Performance of supertree methods for estimating species trees
Degree GrantorUniversity of Canterbury
Degree NameMaster of Science
Phylogenetics is the research of ancestor-descendant relationships among different groups of organisms, for example, species or populations of interest. The datasets involved are usually sequence alignments of various subsets of taxa for various genes. A major task of phylogenetics is often to combine estimated gene trees from many loci sampled from the genes into an overall estimate species tree topology. Eventually, one can construct the tree of life that depicts the ancestor-descendant relationships for all known species around the world. If there is missing data or incomplete sampling in the datasets, then supertree methods can be used to assemble gene trees with different subsets of taxa into an estimated overall species tree topology.

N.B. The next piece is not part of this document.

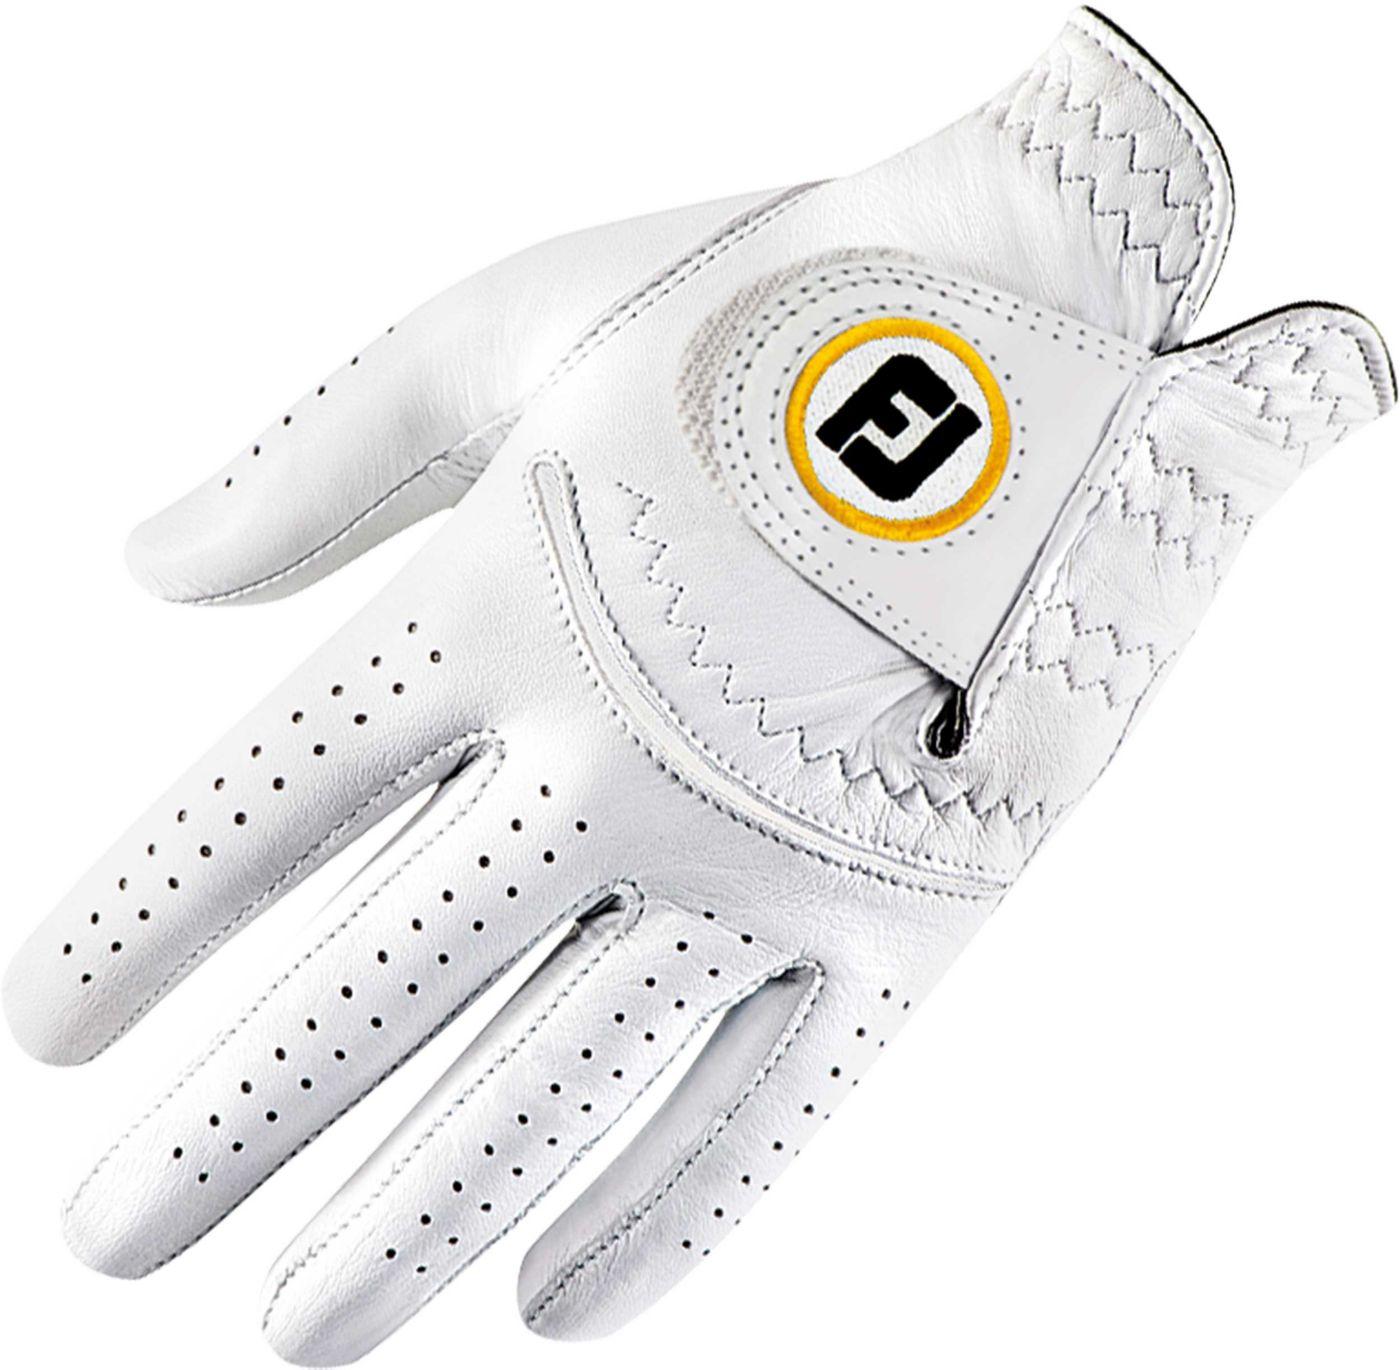 FootJoy Women's StaSof Golf Glove - Prior Generation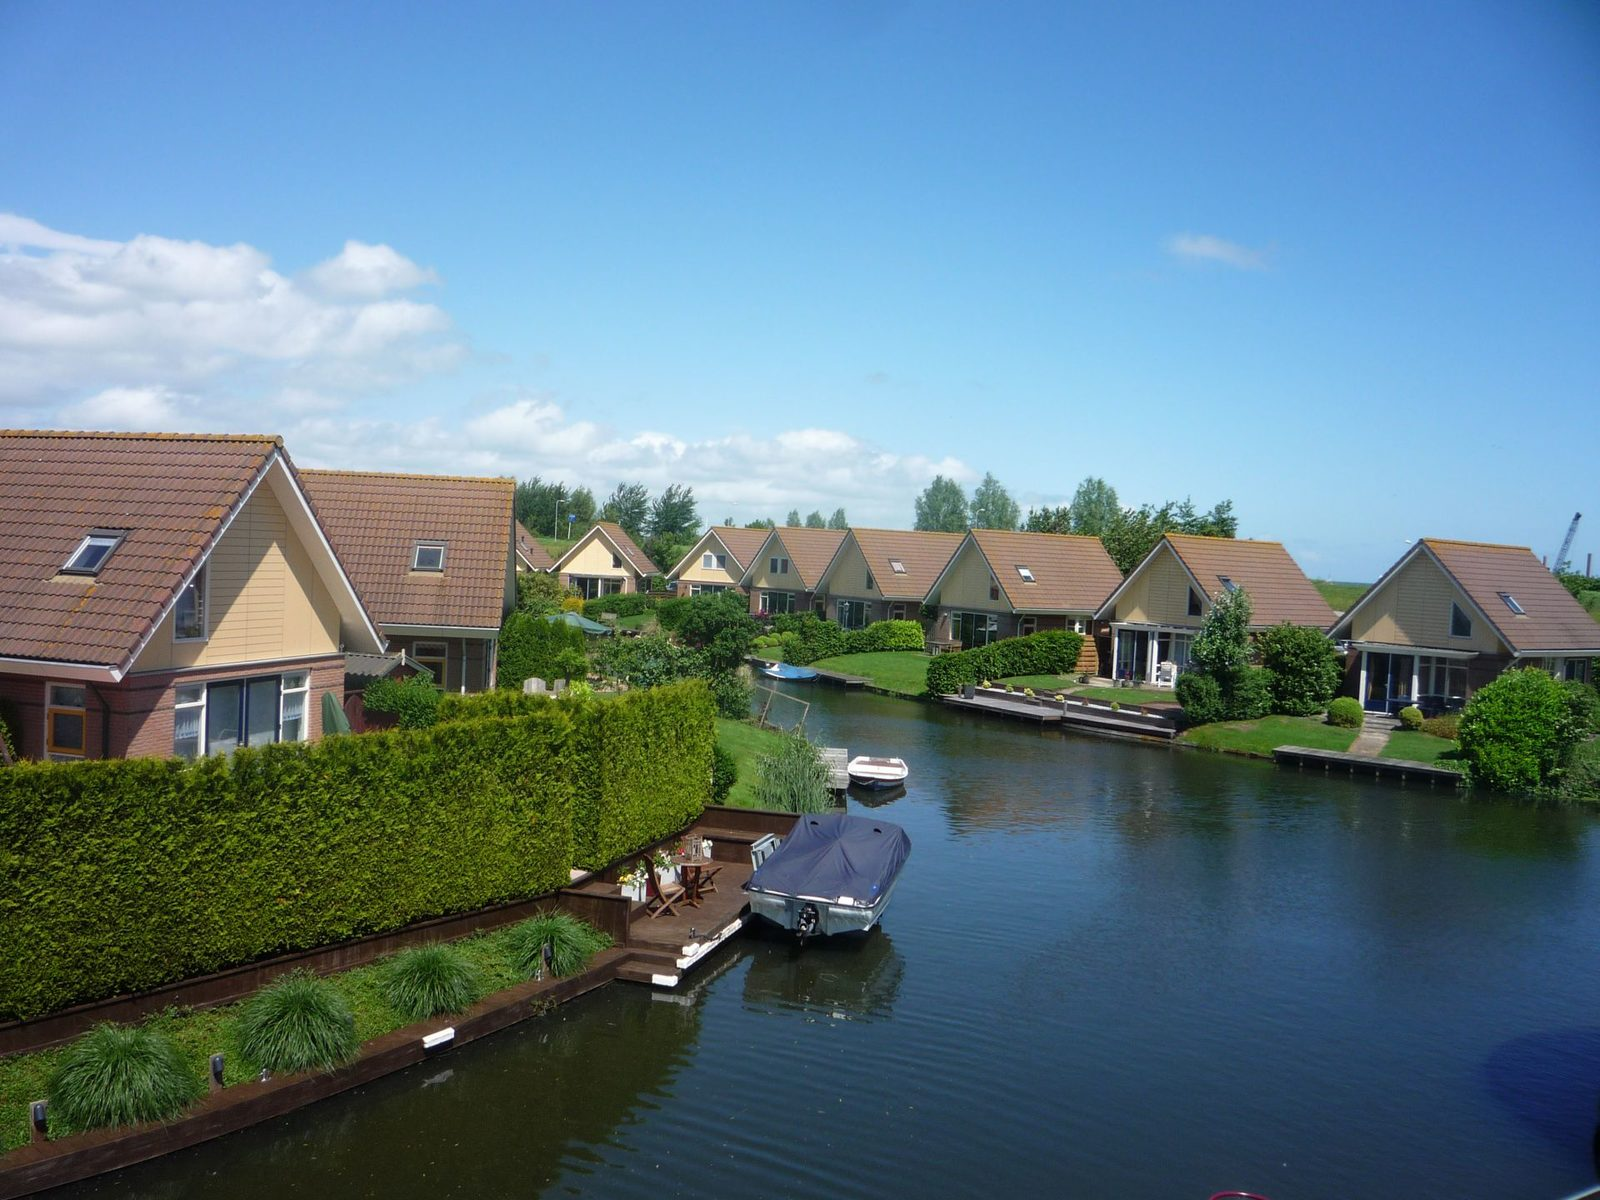 Luxurious bungalows

In this study, we assume that gene tree discordance is solely due to incomplete lineage sorting under the multispecies coalescent model (Degnan and Rosenberg, 2009). If there is missing data or incomplete sampling in the datasets, then supertree methods can be used to assemble gene trees with different subsets of taxa into an estimated species tree topology. In addition, we examine the performance of the most commonly used supertree method (Wilkinson et al., 2009), namely matrix representation with parsimony (MRP), to explore its statistical properties in this setting. In particular, we show that MRP is not statistically consistent. That is, an estimated species tree topology other than the true species tree topology is more likely to be returned by MRP as the number of gene trees increases. For some situations, using longer branch lengths, randomly deleting taxa or even introducing mutation can improve the performance of MRP so that the matching species tree topology is recovered more often.
In conclusion, MRP is a supertree method that is able to handle large amounts of conflict in the input gene trees. However, MRP is not statistically consistent, when using gene trees arise from the multispecies coalescent model to estimate species trees.